|
Я и сказала ей о том в машине. Мол, погоди, дай оглядеться мне. Не оставлю тебя горемыкой в свете маяться.
Ну она и согласилась. Успокоилась. Поверила. А я домой приехала ночью. Когда не ждали. Детвора спала. А мужика в доме не было. Я — к соседке. Та показала, где искать кобеля. Спутался он с активисткой — с библиотекаршей. Я вдвоем с соседкой к ней пошла. И накрыла — в постели. Нет, пальцем не тронула их. Но велела ему барахло свое забрать и в дом ногой не входить больше. Пообещала о нем поутру в правленье колхоза все обсказать. Чтоб люди знали, где у него правда росла. И как он ни просил, сделала это. Хоть и совестно мне было. Но свои деревенские — не осудили.

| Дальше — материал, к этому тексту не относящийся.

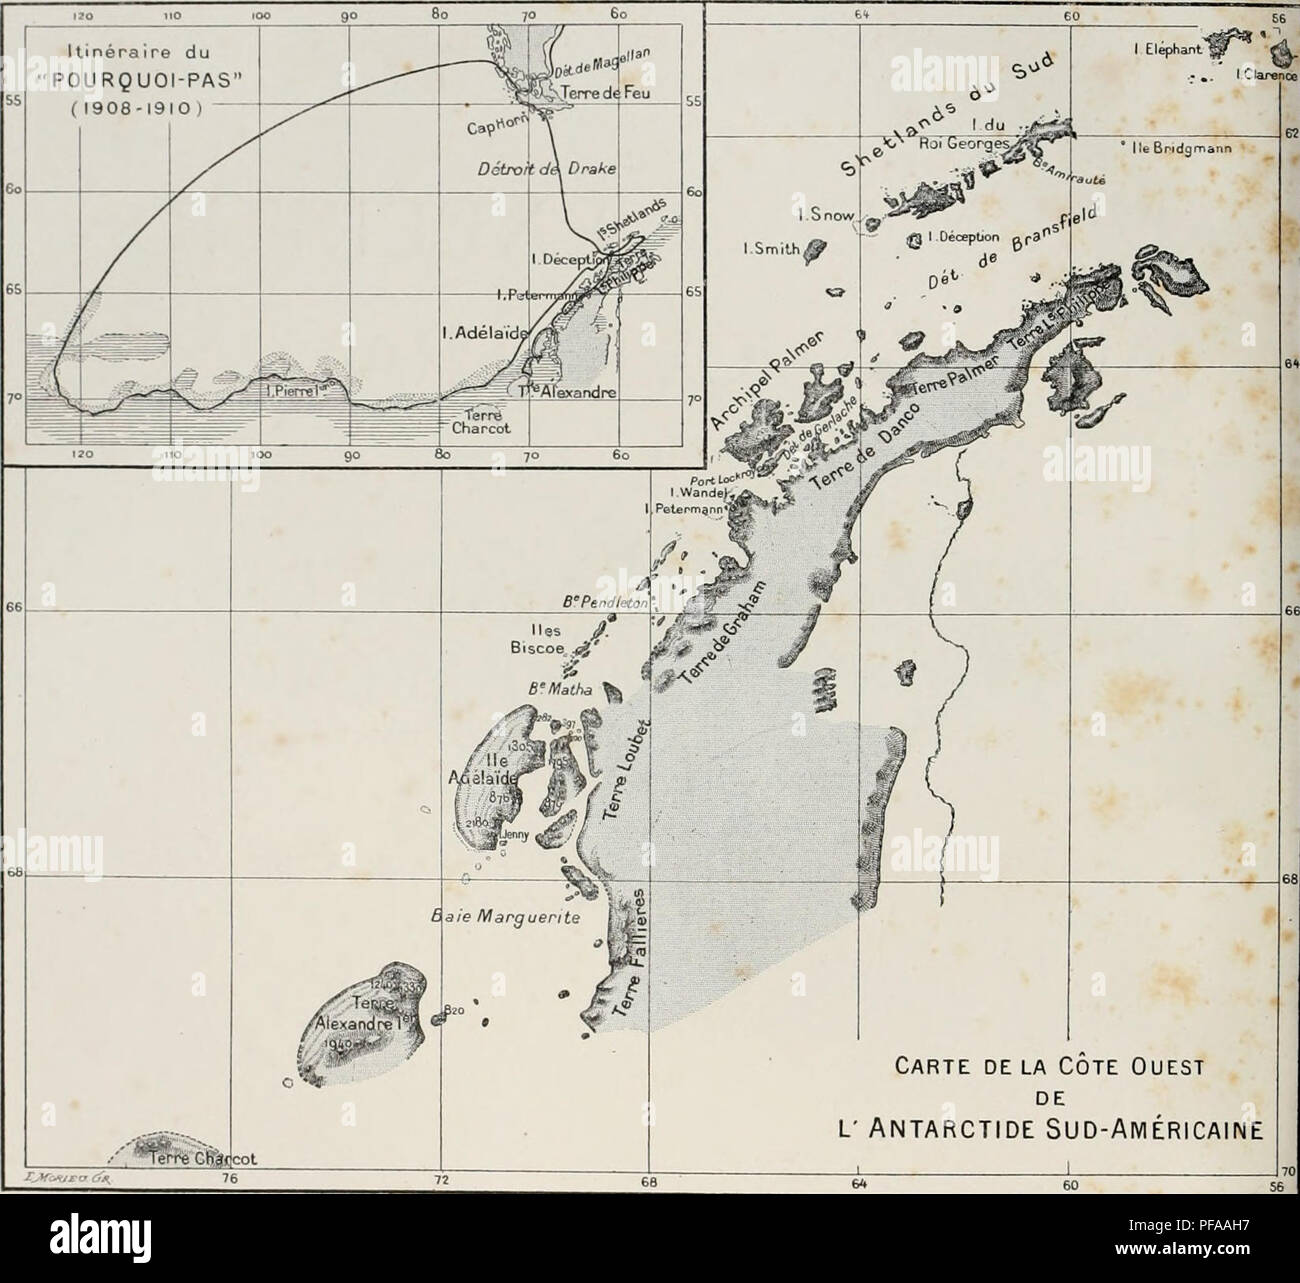 . DeuxiÃ¨me expÃ©dition antarctique francaise (1908-1910). Natural history -- Antarctica; Scientific expeditions -- Antarctica; Antarctica. Carte delÃ Cote Ouest DE L' ANTARCTIDE SUD-AMÃRICAINE CARTE DES RÃGIONS PARCOURUES ET RELEVÃES PAR L'EXPÃDITION MEMBRES DE LETAT MAJOR DU &quot; POURQUOI PAS &quot; J.-B. CHARCOT M. BONGRAIN Hydrographie, Sismographie, Gravitation terrestre, Observations astronomiques. L. CiAIN Zoologie (Spongiaires, Echinodermes. Arthropodes. Oiseaux et teur&amp; parasites) Plankton, Botanique. R.-E. GODFROY MarÃ©es, Tofographie cÃ´tiÃ¨re. Chimie de Tair. E. GOURDON ... . Stock Photo

Вечером ту активистку с деревни выгнали за блядство. Как отпетую потаскуху. А мужик детей уговорил простить его. И живет нынче не в доме — в бане. В хату не пускаю. Заместо кобеля избу сторожит. Я на птичнике устроилась. Уже в доме прибралась, побелила, отмыла его. Детей в порядок привела и решила бабку Матрену к себе забрать. Чтоб она с моими детьми была. Поговорила с председателем колхоза, он разрешил, отпустил за нею. И я поехала. А Матрены в стардоме уже не было. Нет, не померла она. Мне адрес ее дали. Я и разыскала нашу бабулю.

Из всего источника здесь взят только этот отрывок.